Among NVAF patients with active cancer, apixaban was associated with a lower risk, and dabigatran and rivaroxaban with similar risks of stroke/SE and MB compared with warfarin. Apixaban users also had a lower risk of stroke/SE compared with dabigatran users and a lower risk of MB compared with rivaroxaban users. Dabigatran was associated with a lower risk of MB compared with rivaroxaban. Treatment effects were consistent across several common cancer types for NOAC-warfarin and NOAC-NOAC comparisons. Subsequent real-world studies are warranted to further study the impact of NOAC treatment options in the NVAF cancer population, specifically addressing NOAC treatment outcomes within specific cancer subtypes.

COMPETENCY IN MEDICAL KNOWLEDGE: In NVAF patients with active cancer, initiation of NOACs is associated with a similar or reduced risk in thromboembolic and bleeding complications compared with treatment with warfarin. These findings were consistent across several common cancer types.

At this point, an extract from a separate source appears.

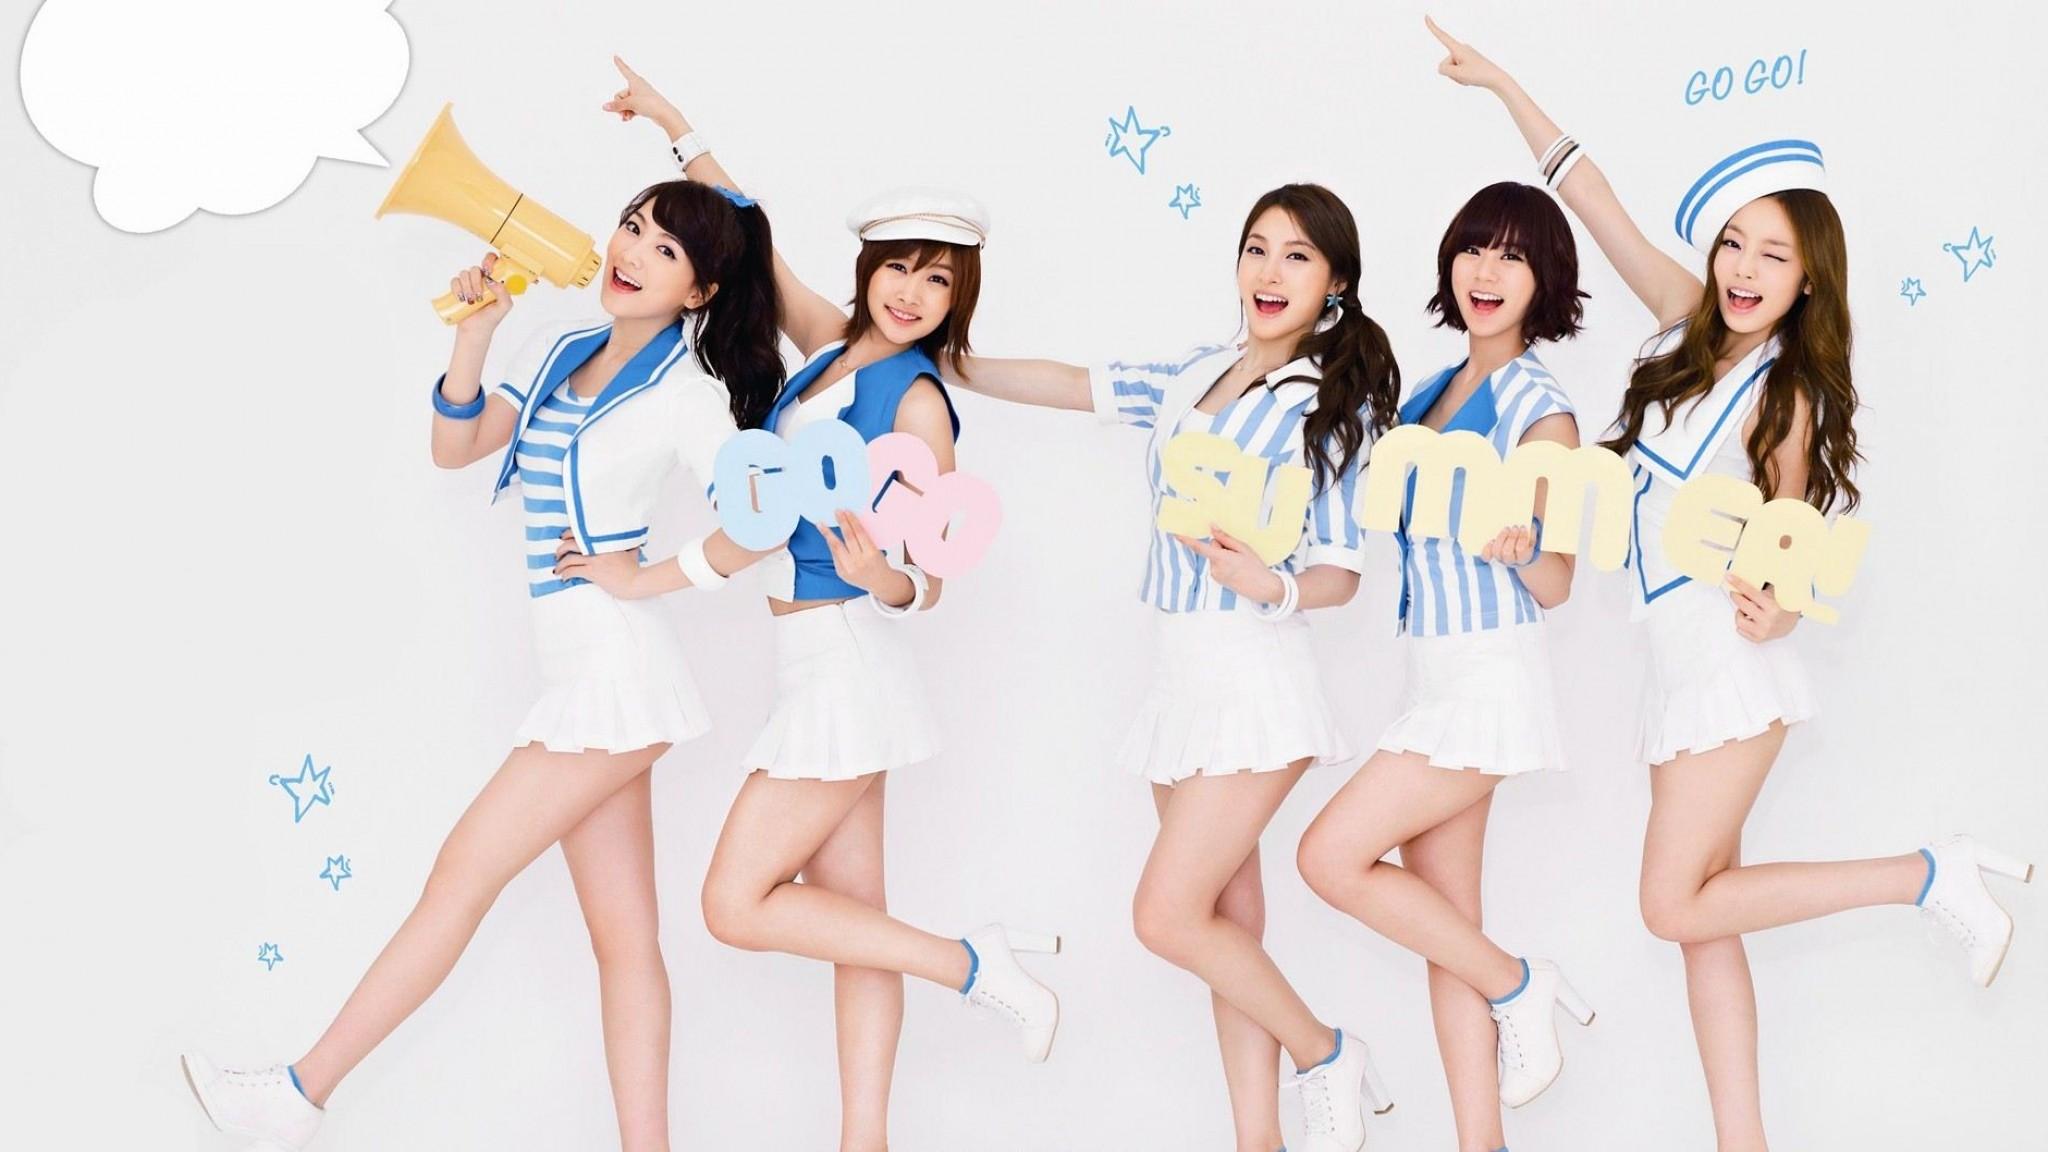 Women Music Korean Kpop South Korea Korean Girls   skipwall  HD Wallpaper

TRANSLATIONAL OUTLOOK: Future studies are needed to further understand patient- and dosing-specific characteristics to enhance the safety and effectiveness of NOACs in the cancer population. A more detailed evaluation of NOAC treatment outcomes according to specific cancer types and disease severity is necessary.

Funding Support and Author Disclosures

This study was funded by Pfizer and Bristol Myers Squibb. Although the authors have financial relationships with these companies, neither business entity influenced the design, conduct, or reporting of the research. Dr Deitelzweig is a consultant for Bristol Myers Squibb Company/Pfizer Inc., Daiichi-Sankyo, Portola, and Boehringer Ingelheim; and has been on the Speakers Bureau for Janssen, Bristol Myers Squibb Company/Pfizer Inc., and Boehringer Ingelheim. Ms Keshishian is a paid employee of STATinMED Research, which is a paid consultant to Bristol Myers Squibb and Pfizer. Drs Kang, Zhang, Dhamane, Klem, Ferri, and Jiang are paid employees of Bristol Myers Squibb. Dr Luo is a paid employee of Pfizer. Dr Yuce has reported that he has no relationships relevant to the contents of this paper to disclose. Dr Lip is a consultant for Bayer/Janssen, BMS/Pfizer, Medtronic, Boehringer Ingelheim, Novartis, Verseon, and Daiichi-Sankyo; and is a speaker for Bayer, BMS/Pfizer, Medtronic, Boehringer Ingelheim, and Daiichi-Sankyo; no fees are directly received personally.